We woke up around 8am, had a shower and went for breakfast, we had some borek and ayran. Afterwards we stopped for a morning cay next to the place where we slept and had a debate about football with the bartender and the owner of the hotel.
While driving to Trabzon and listening to Eyeceeou, Azra, EKV, Victor Wooten and other amazing music suddenly while standing at the traffic light in the suburbs of Trabzon Peter yelled “The clutch is not working” (“Sklopka ne dela”). We pushed the car to the side of the road next to a car wash. Some guys came to help, the one who we really need to mention is Ersen Demirui, he helped us out for about 2 hours and didn’t want any money for it. He called to different mechanics around town and even called a friend with a small truck to pull us to the mechanic. They tied the rope to our axis and then Ersen took the wheel and we safely arrived at the Fiat service. He helped us to arrange everything with the staff, we were even allowed to park the van at the back of the service and they said we can put up our tents or sleep in the van. Ersen then parted and left us his number to call him the next day – when they started work on the van if we have any problems.
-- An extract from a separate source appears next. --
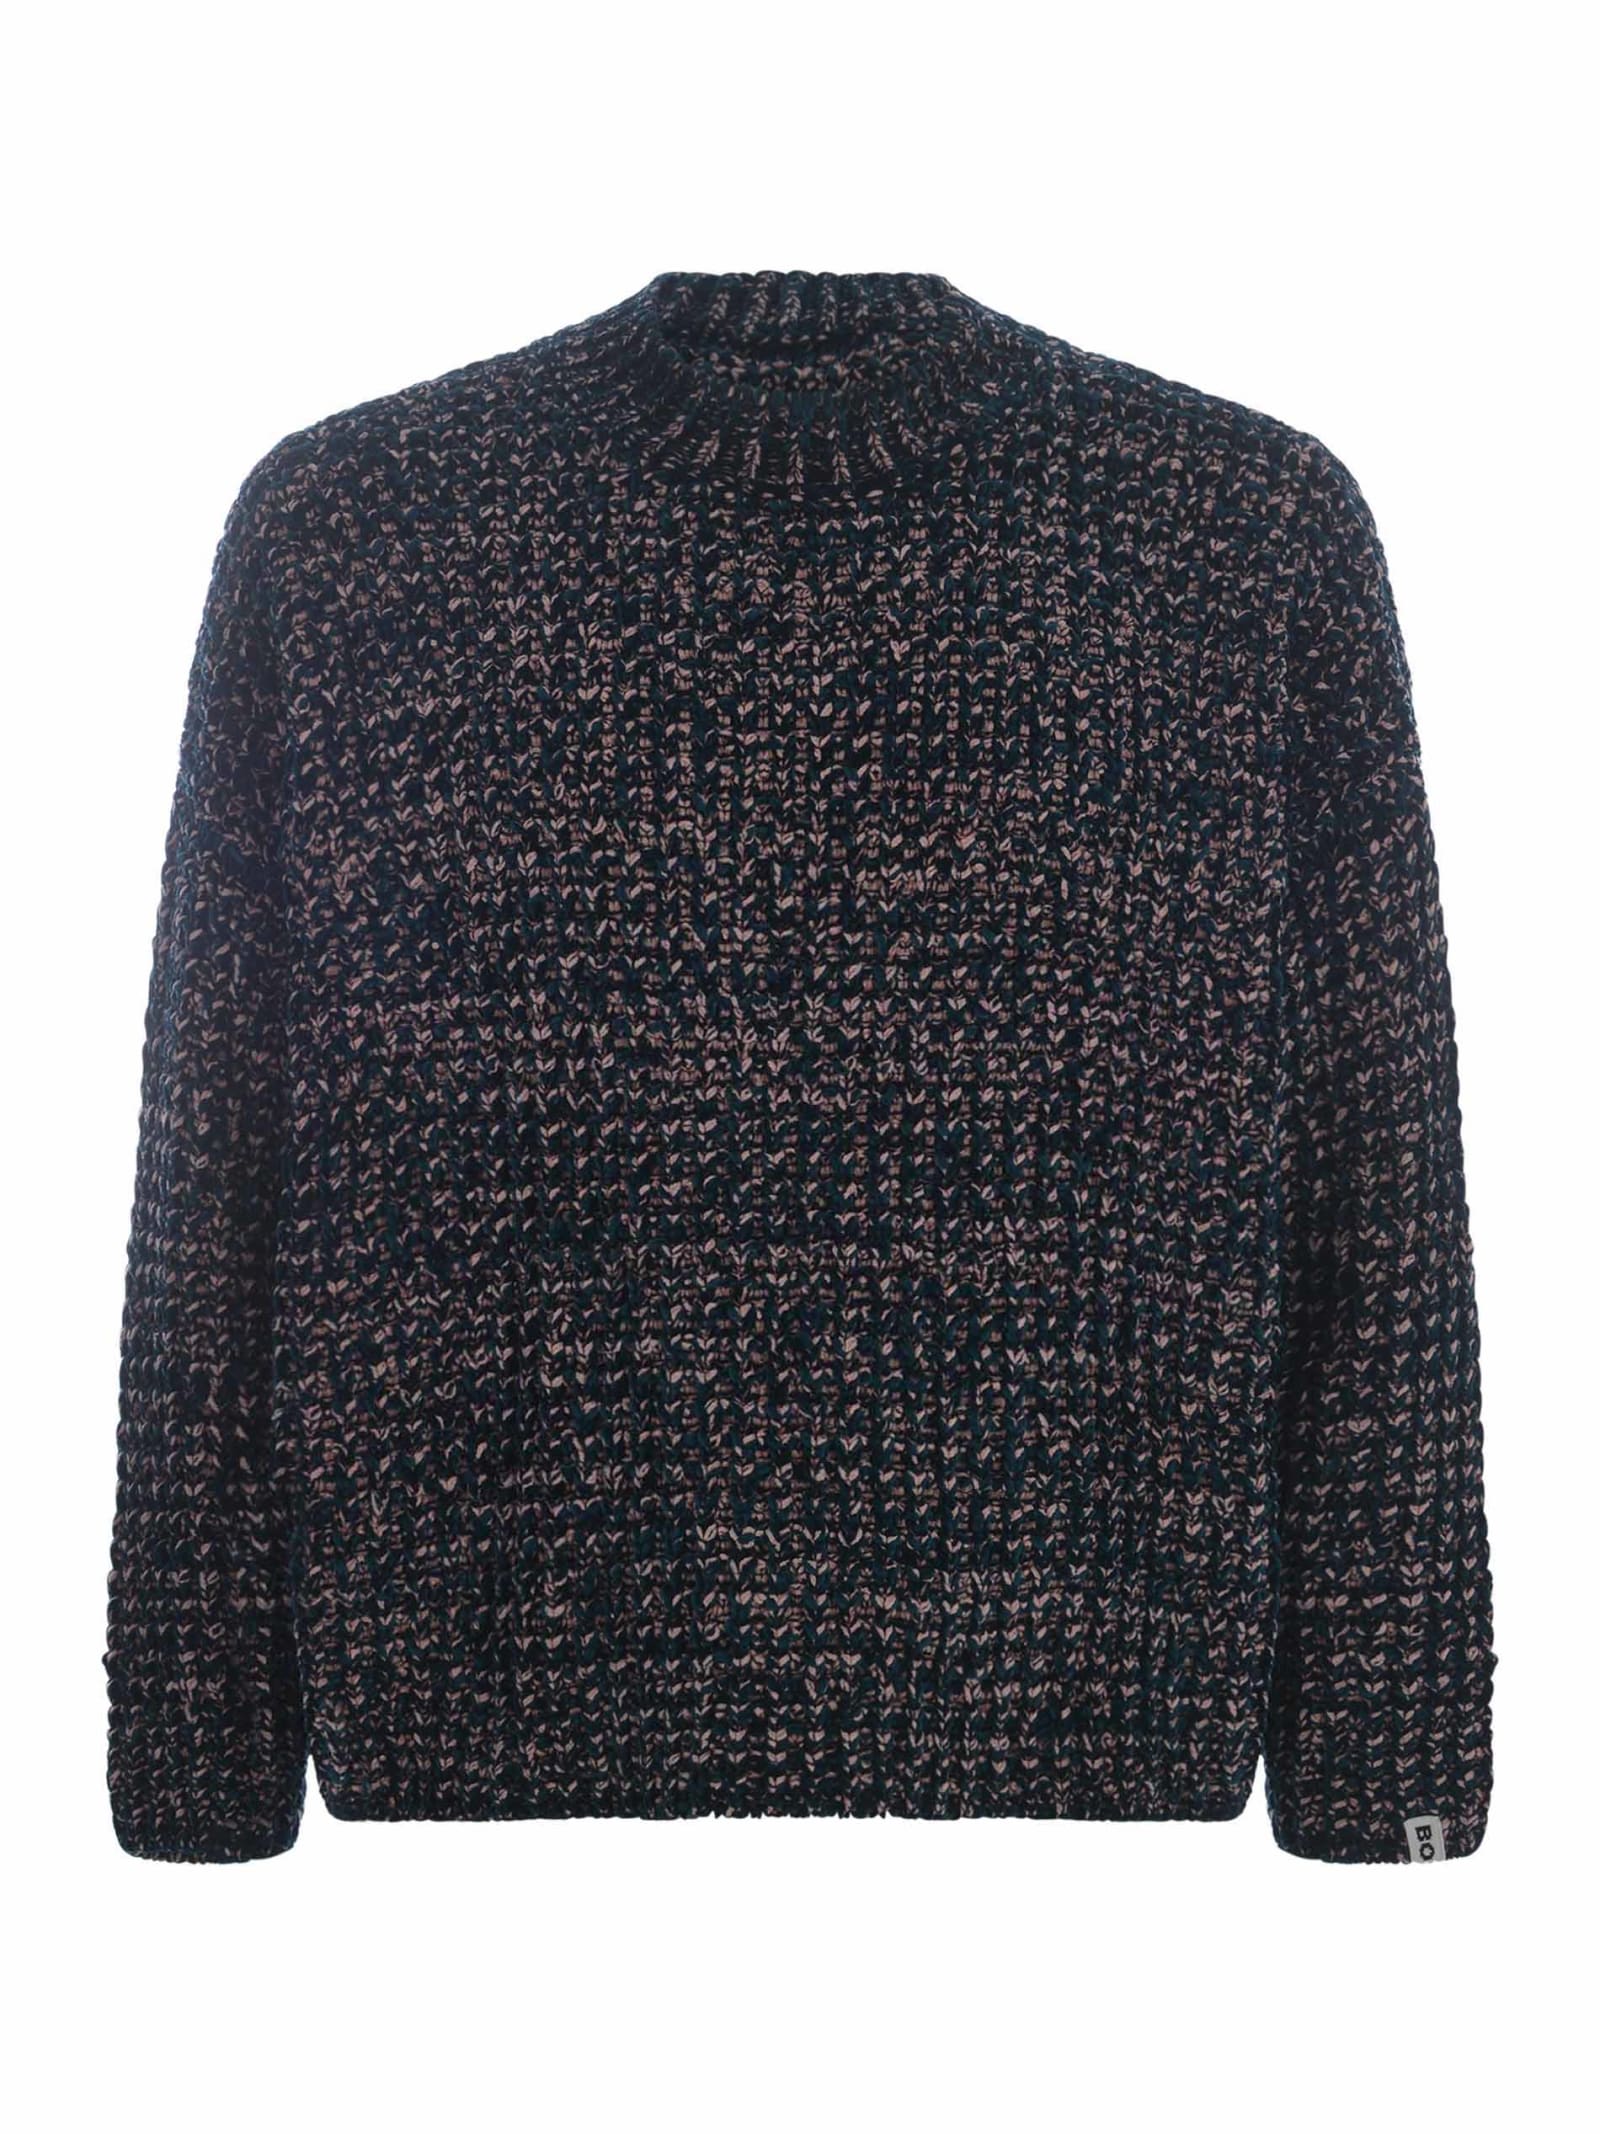 Shop Bonsai Sweater  Made Of Chenille In Nero

Ersen helping us out right after our clutch went dead
We then went for lunch to a place across the road called “Kebabistan 2″ – the food and service was amazing and the prices were low – if anyone gets to spend a night at the backyard of Fiat Trabzon we can recommend it :).
Then we went looking for beer and found an alcohol shop about 200meters away from our “camp”.
We went back and chilled out at the backyard. I decided to go for a walk by the beach and believe it or not met a turkish guy who lives in the USA for the last 34 years and owns a mechanic shop in New Jersey. He was called Dzengis, we talked for about half an hour and he invited us all for cay later in the evening.
He also offered to help and supervise the work on our car the following day – coincidence worked its wonders on us – breaking the clutch 2kilometers from an official Fiat service and next to a guy who speaks good english wants to help and has mechanical skills – simply amazing.
After the cay with Dzengis we went back to our camp and started drinking the “Bus pure šnops”. The fiery drink kept our conversation alive and the majority of us went to sleep at around 3AM.